ひざまずいて、参りました私の負けですと頭を下げるのだ。そうすればこのショーは終わる」



何を言っているんだこいつは。


本当に負けるのが嫌なキチガイ野郎ではないか。


でも確かに、もういい加減終わらせたい。


お客さんからの冷たい視線、スタッフからのプレッシャー、刻々とすぎていく時間。


早くこの場から逃げ出したい。

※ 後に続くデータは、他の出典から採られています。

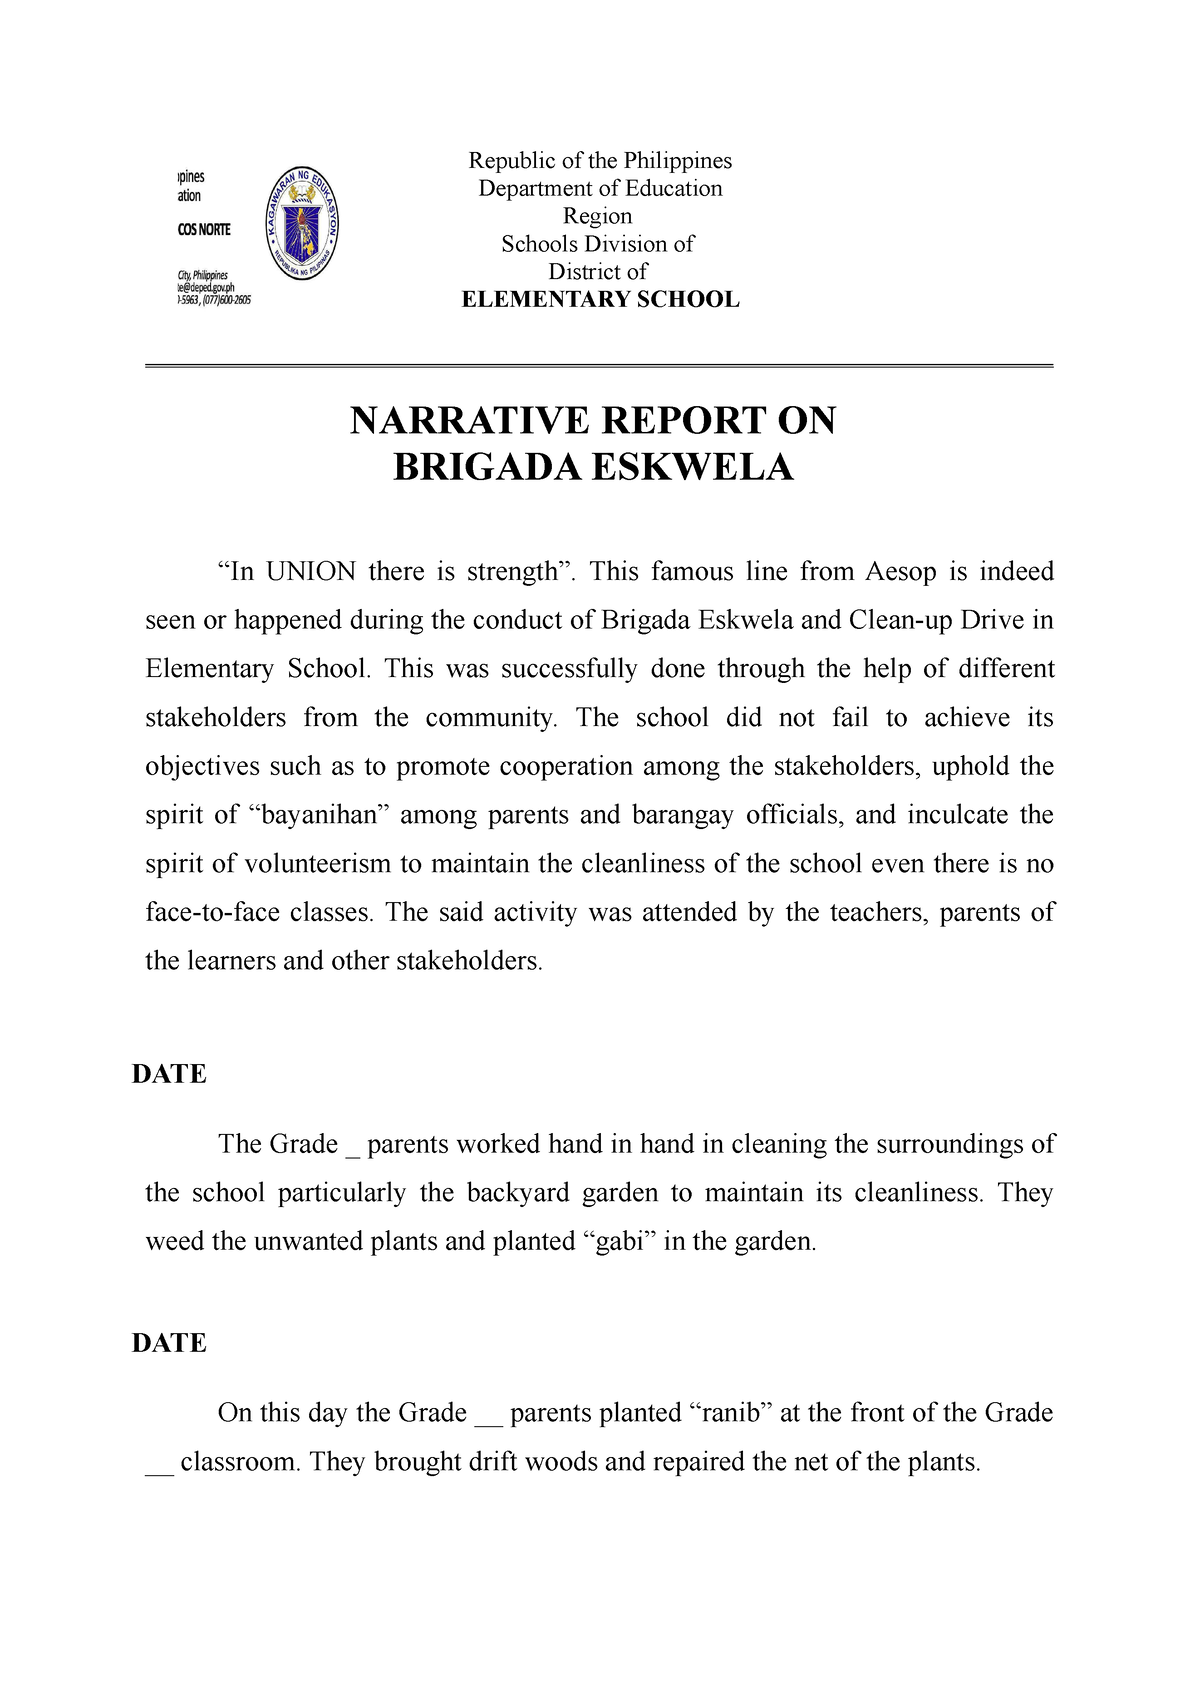 Brigada Eskewla Narrative Report Republic Of The Philippines

僕は怪人役に言われた通り、ゆっくりとひざまずいた。


そして頭を下げるふりをして、思い切り地面を蹴った。


どんな状況だろうと、ヒーローが悪に負けるわけにはいかないんだぁ!


「これで最後だ! シンプルにキーック!」


「うわぁぁ!」


こんなに飛べるのかと、自分でも驚くほど身体は宙高く舞い、華麗なキックが決まった。


その瞬間、小さい頃にテレビで見ていた、憧れのヒーローになれた気がした。


ゴンッ


鈍い音を立て床に頭を打ち付けた怪人役は、そのまま動かなくなった。


『はい! これで地球の平和は守られました! みんなー、盛大な拍手をお願いしまーす!』


ぱち、ぱち、ぱち。


進行役のお姉さんの声を合図にまばらな拍手が会場を包む。


『これにてヒーローショーは終了となります! みんなー、まーたねー!』


無理矢理終わらせた感は否めないが、なんとかショーは幕を閉じた。